Si Mme [XM] se prévaut d’une inertie de l’employeur ayant consisté à avoir laissé son état de santé s’aggraver de jour en jour et à ne pas avoir mis en place des mesures préventives ni visant à faire cesser la situation de harcèlement au travail, elle ne l’établit pas, alors, ainsi qu’il vient d’être souligné, que la société a immédiatement diligenté une enquête interne.
Il ressort également des termes de la lettre en date du 16 septembre 2019 qu’il n’était pas envisagé une adaptation spécifique de son poste, eu égard au départ de M. [Y] depuis le 23 juillet 2019, mais qu’un rendez-vous était pris au mois de septembre auprès de la médecine du travail, ce qui est corroboré par l’attestation de suivi délivrée par le médecin du travail le 18 septembre 2019.
Si Mme [XM] allègue le défaut de sanction ou de médiation, il appert que, d’une part, M. [Y], supérieur hiérarchique en cause, avait quitté dès le mois de juillet 2019 l’entreprise et que la médiation demeure une faculté.
Dans ces conditions, les éléments repris ci-dessus mettent en évidence que l’employeur a pris les mesures visant à prévenir et faire cesser les actes de harcèlement au travail subis par Mme [XM], dès qu’il en a eu connaissance, le 3 juin 2019 .
Par suite, Mme [XM] ne peut se prévaloir d’un manquement de l’employeur ayant consisté à ne pas prendre toutes les mesures préventives ou destinées à faire cesser la situation de harcèlement au travail et, par voie de conséquence, se prévaloir d’une faute inexcusable de l’employeur.
Le jugement déféré sera confirmé en ce qu’il a débouté Mme [XM] de sa demande formulée à ce titre et de celles subséquentes de réalisation d’une expertise et de versement d’une provision.
Sur l’opposabilité de la décision de la CGSS du 1er avril 2021 :
Il résulte des articles R. 142-1, alinéas 1er et 2, et R. 142-18, alinéa 1er, du code de la sécurité sociale, dans leur rédaction applicable au litige, que le juge du contentieux de la sécurité sociale ne peut être saisi d’un recours qu’après que le litige a fait l’objet d’une réclamation soumise à la commission de recours amiable de l’organisme de sécurité sociale compétent.
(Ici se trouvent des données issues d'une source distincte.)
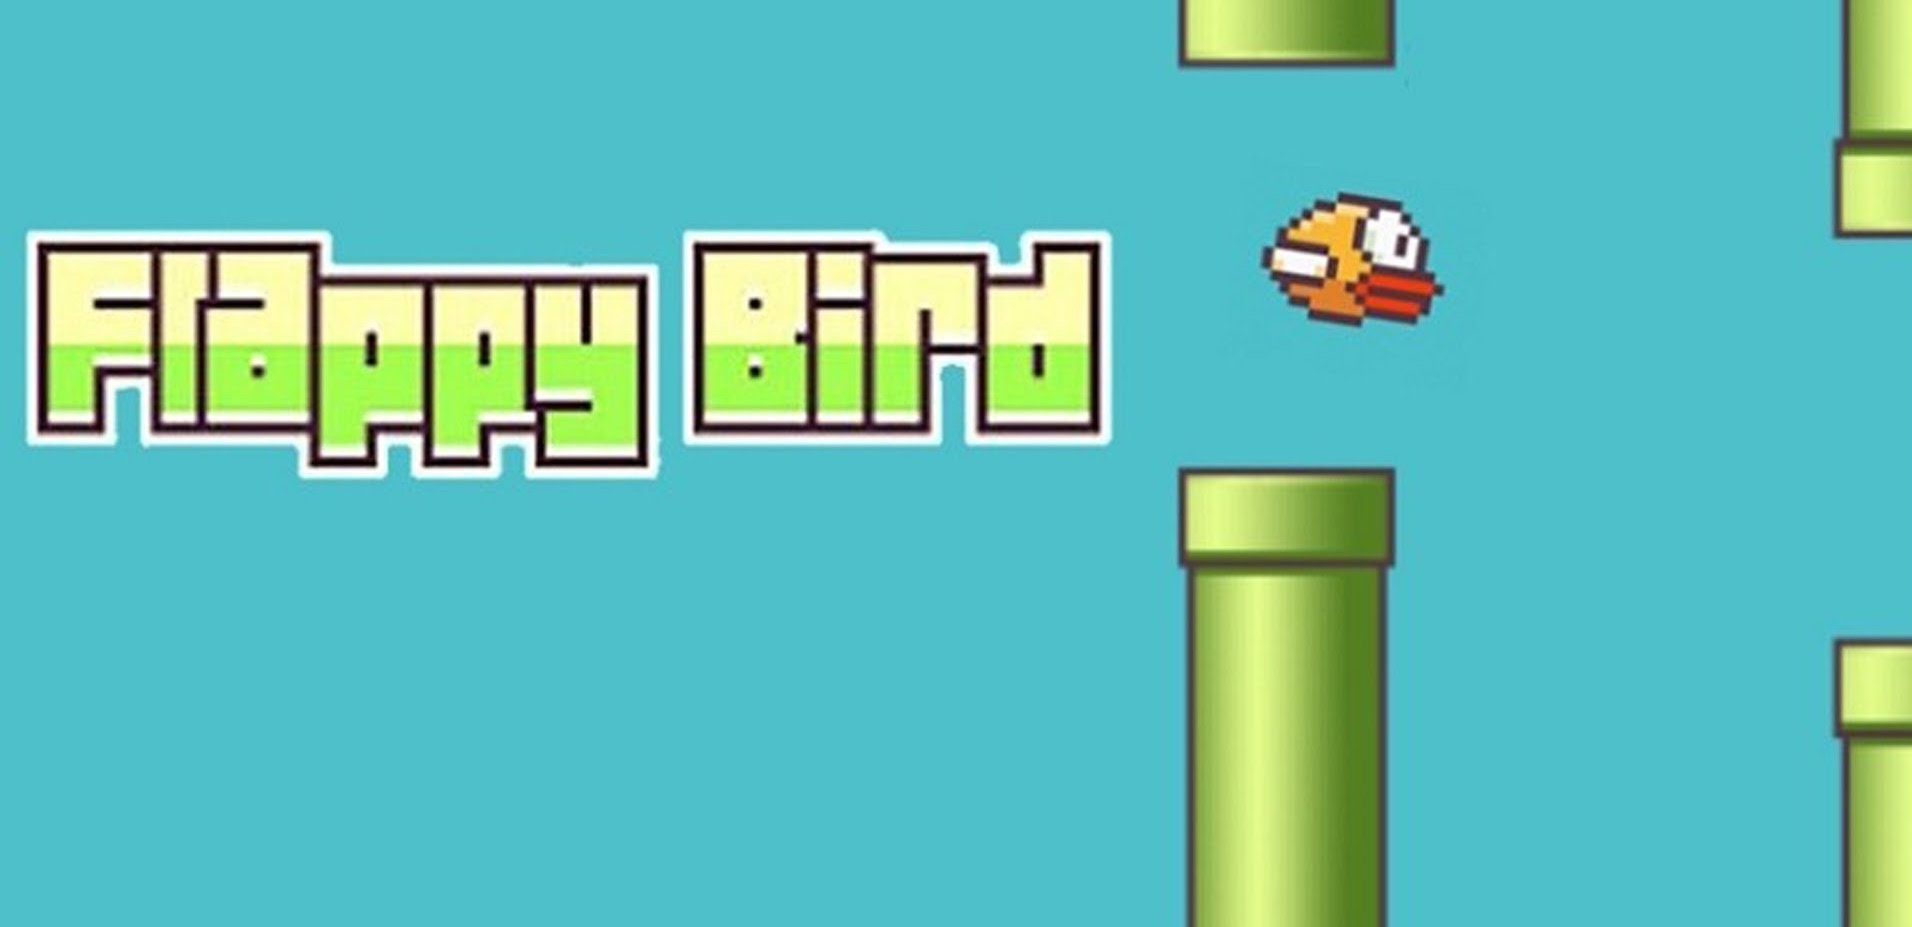 Programa tu Flappy Bird con Scratch en menos de 15 minutos Programamos

C’est à juste titre que les premiers juges ont relevé que le recours de la société était irrecevable à défaut d’avoir saisi préalablement la commission de recours amiable, étant observé que la société précise dans ses écriture avoir eu une connaissance de la décision en cause dans le cadre de la procédure prud’homale.
Par suite, il convient de confirmer le jugement sur ce point.
Sur les autres demandes :
L’équité commande de ne pas faire application de l’article 700 du code de procédure civile et de débouter les parties de leurs demandes présentées sur ce fondement.
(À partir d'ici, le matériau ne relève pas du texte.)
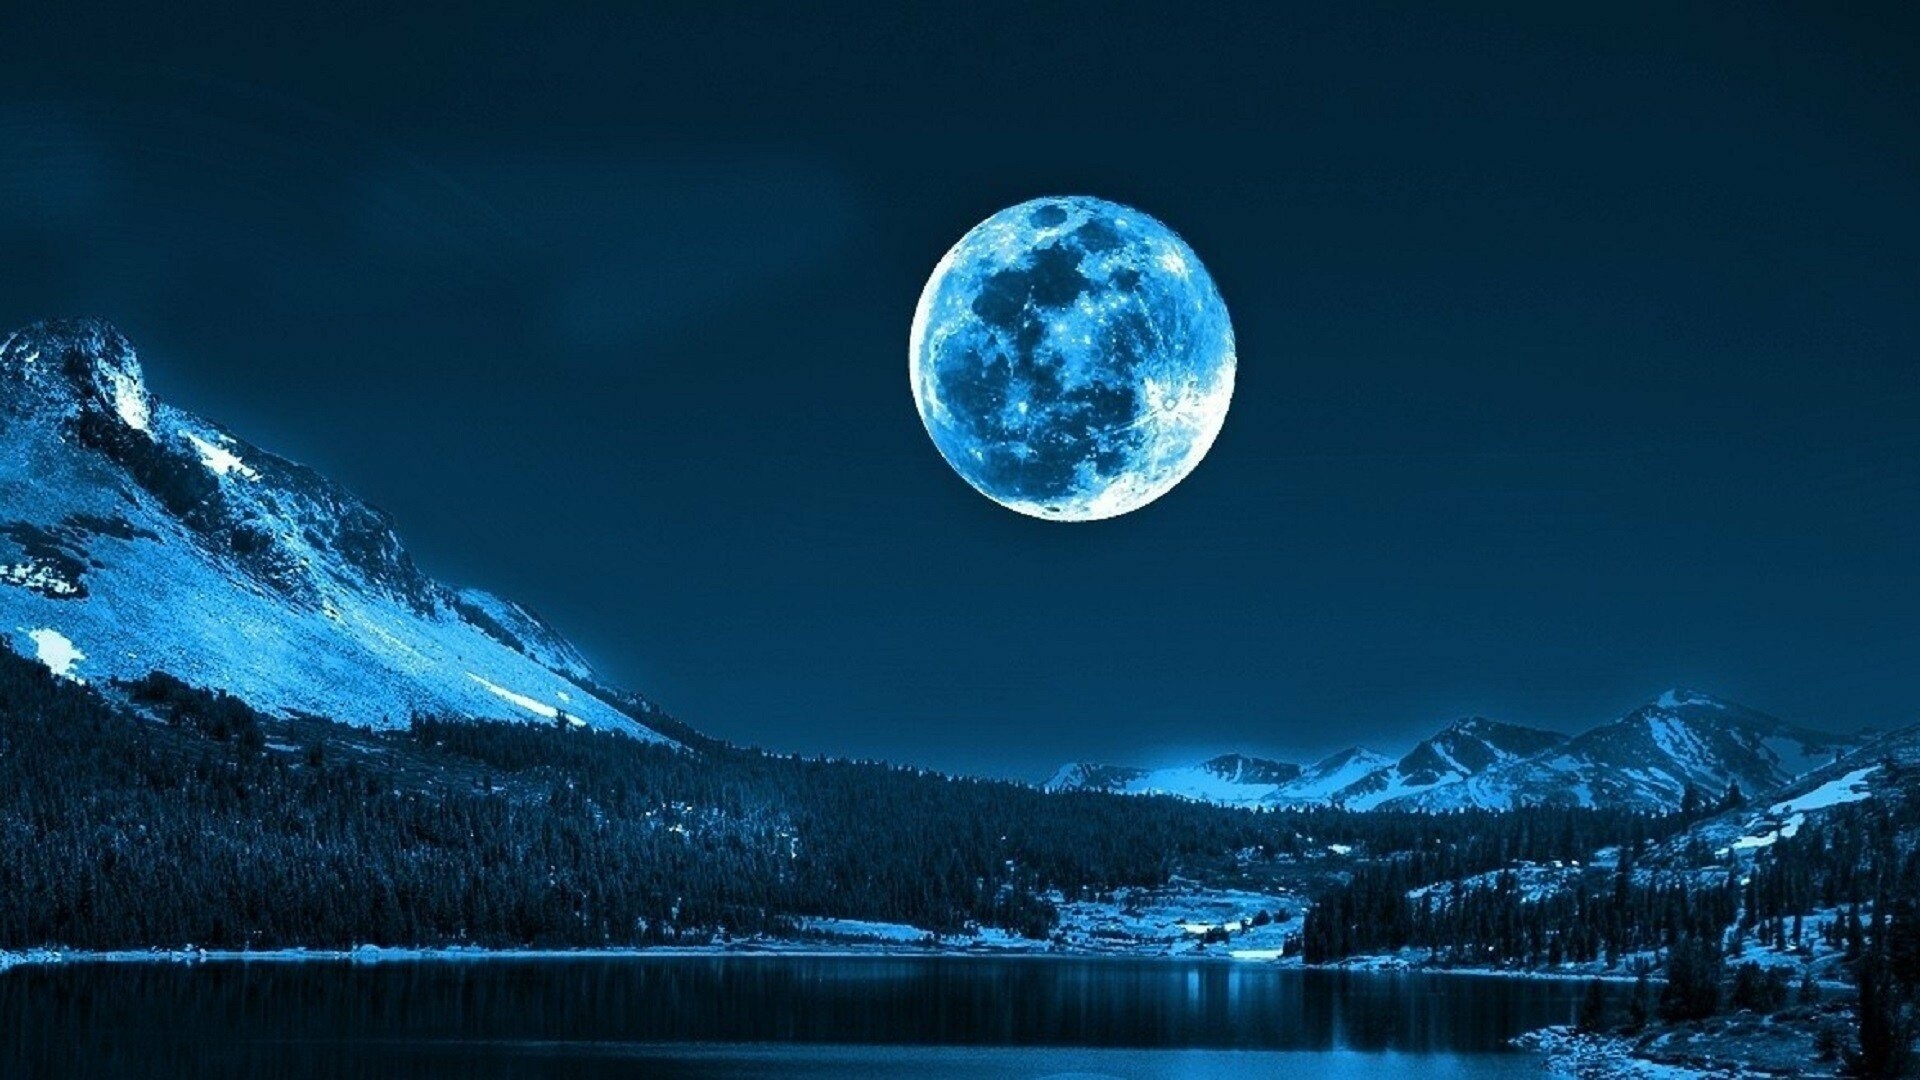 Moonlight: Darkening skies, The broad expanse of water reflecting the moon, Atmospheric phenomena. 1920x1080 Full HD Background.

Les dépens de l’instance d’appel seront mis à la charge de Mme [XM] [R].
PAR CES MOTIFS :
La cour, statuant publiquement, par arrêt contradictoire, mis à disposition au greffe et en dernier ressort,
Confirme en toutes ses dispositions le jugement rendu le 27 septembre 2022 par le tribunal judiciaire de Pointe-à-Pitre, Pôle social, entre Mme [XM] [R], la SARL [5] et la Caisse générale de Sécurité sociale de la Guadeloupe,
Déboute les parties de leurs demandes présentées sur le fondement de l’article 700 du code de procédure civile,
Condamne Mme [XM] [R] aux dépens de l’appel.